Line for line, return the data exactly, omitting all pictures.

##### Data block #####

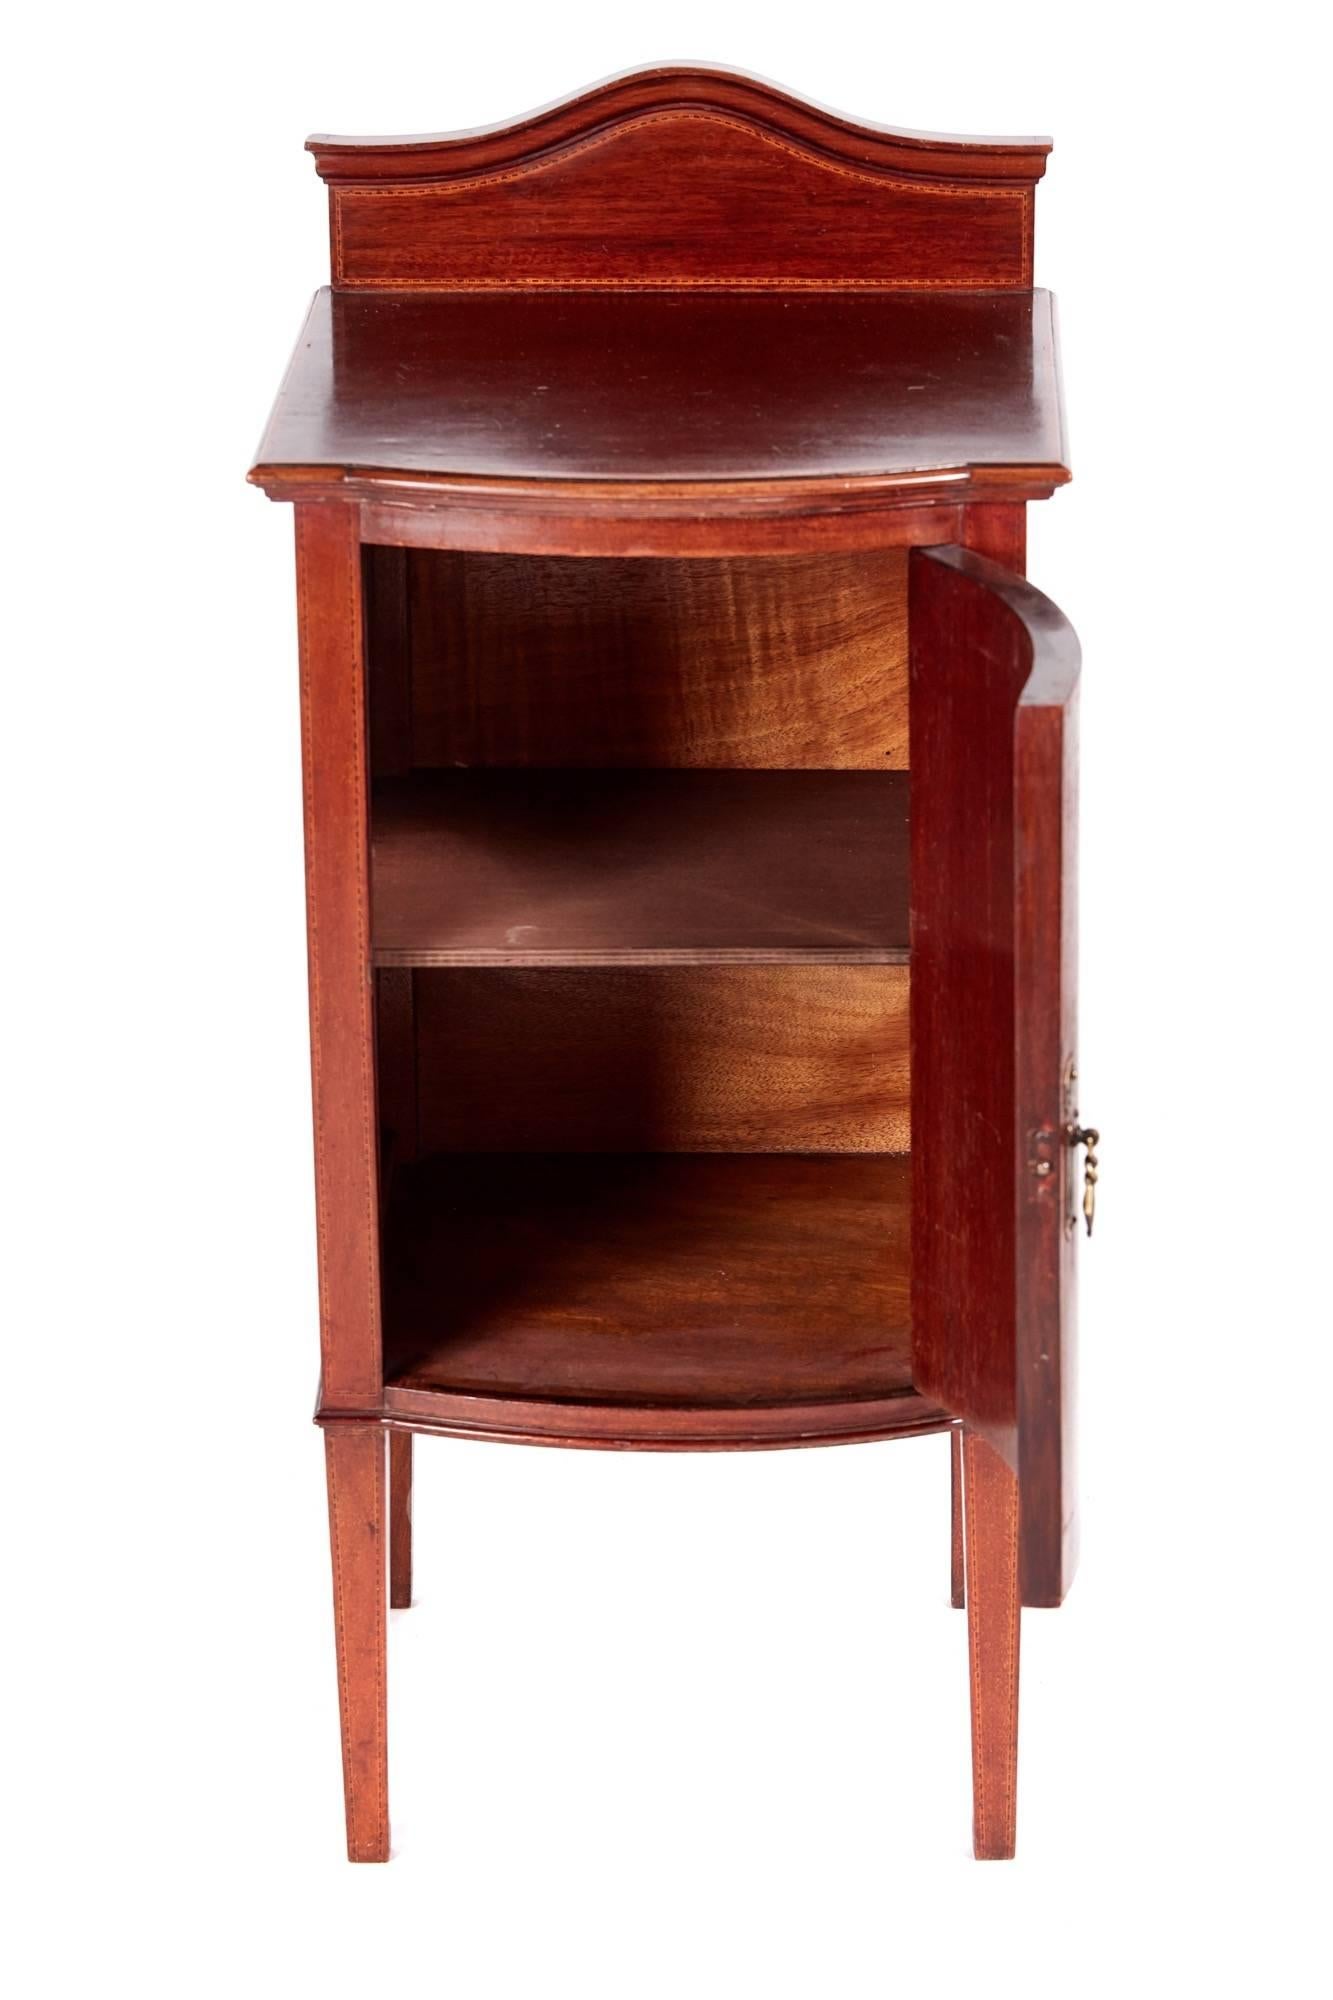 Edwardian inlaid mahogany bedside cabinet, with a shaped back, nice mahogany top, bow front door with lovely inlay, standing on square tapering legs
lovely color and condition
Measures: 16
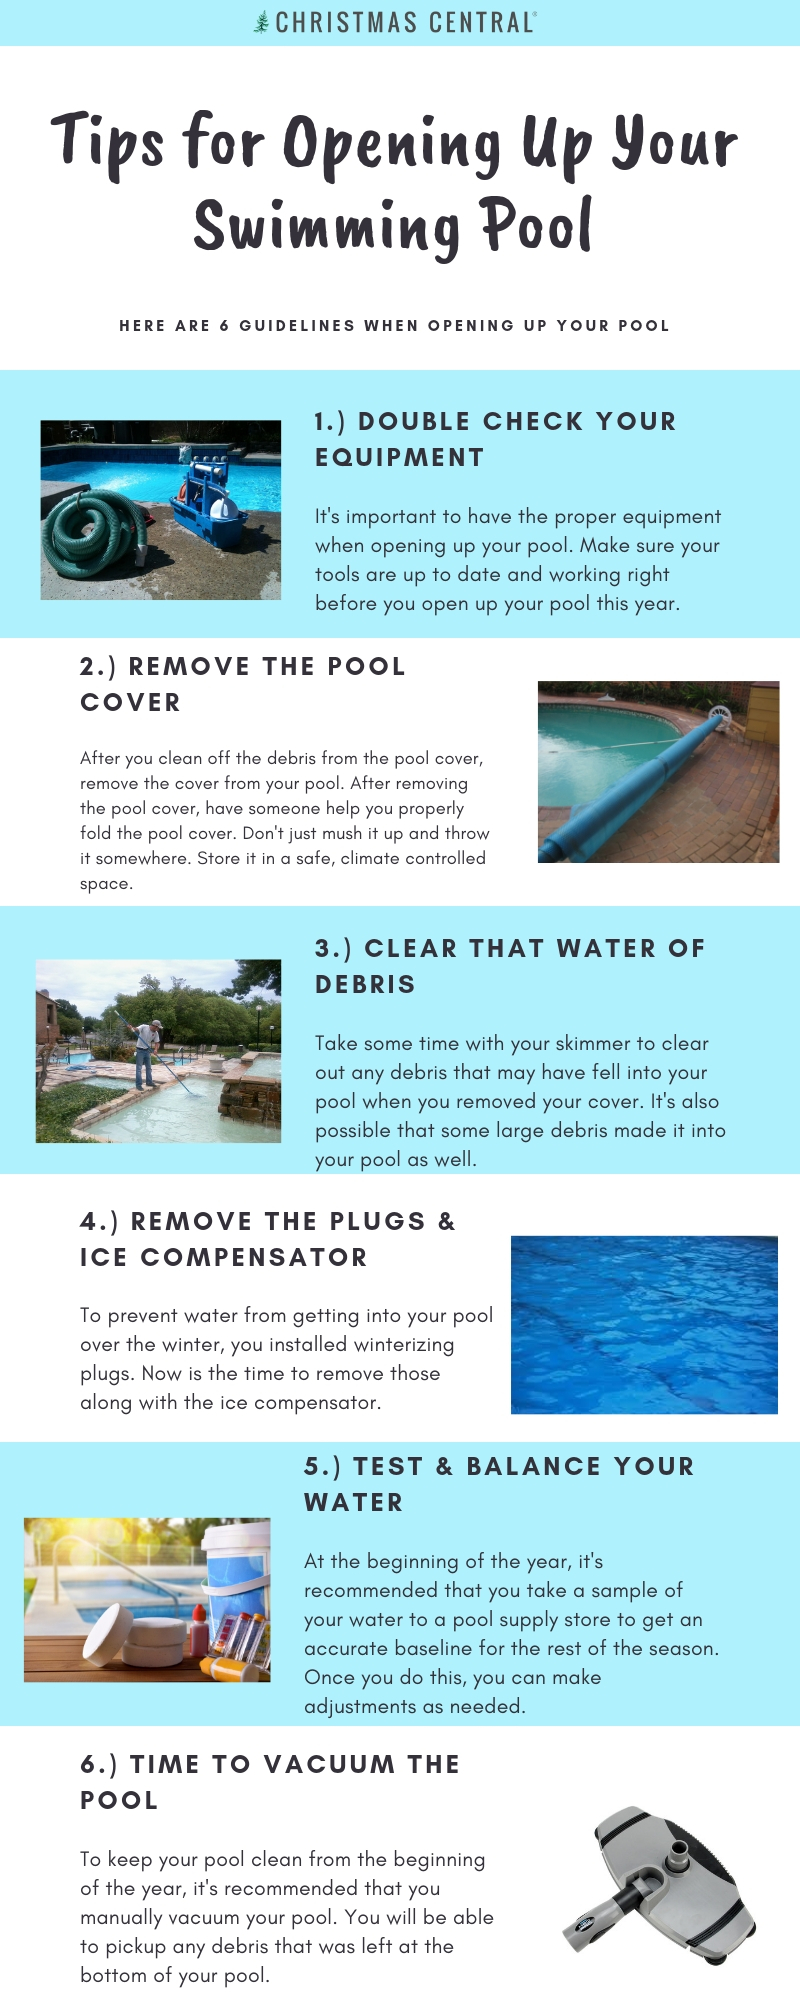 Swimming Pool Opening Tips & Resources

#####

» Output:
 Edwardian inlaid mahogany bedside cabinet, with a shaped back, nice mahogany top, bow front door with lovely inlay, standing on square tapering legs
lovely color and condition
Measures: 16
 Swimming Pool Opening Tips & Resources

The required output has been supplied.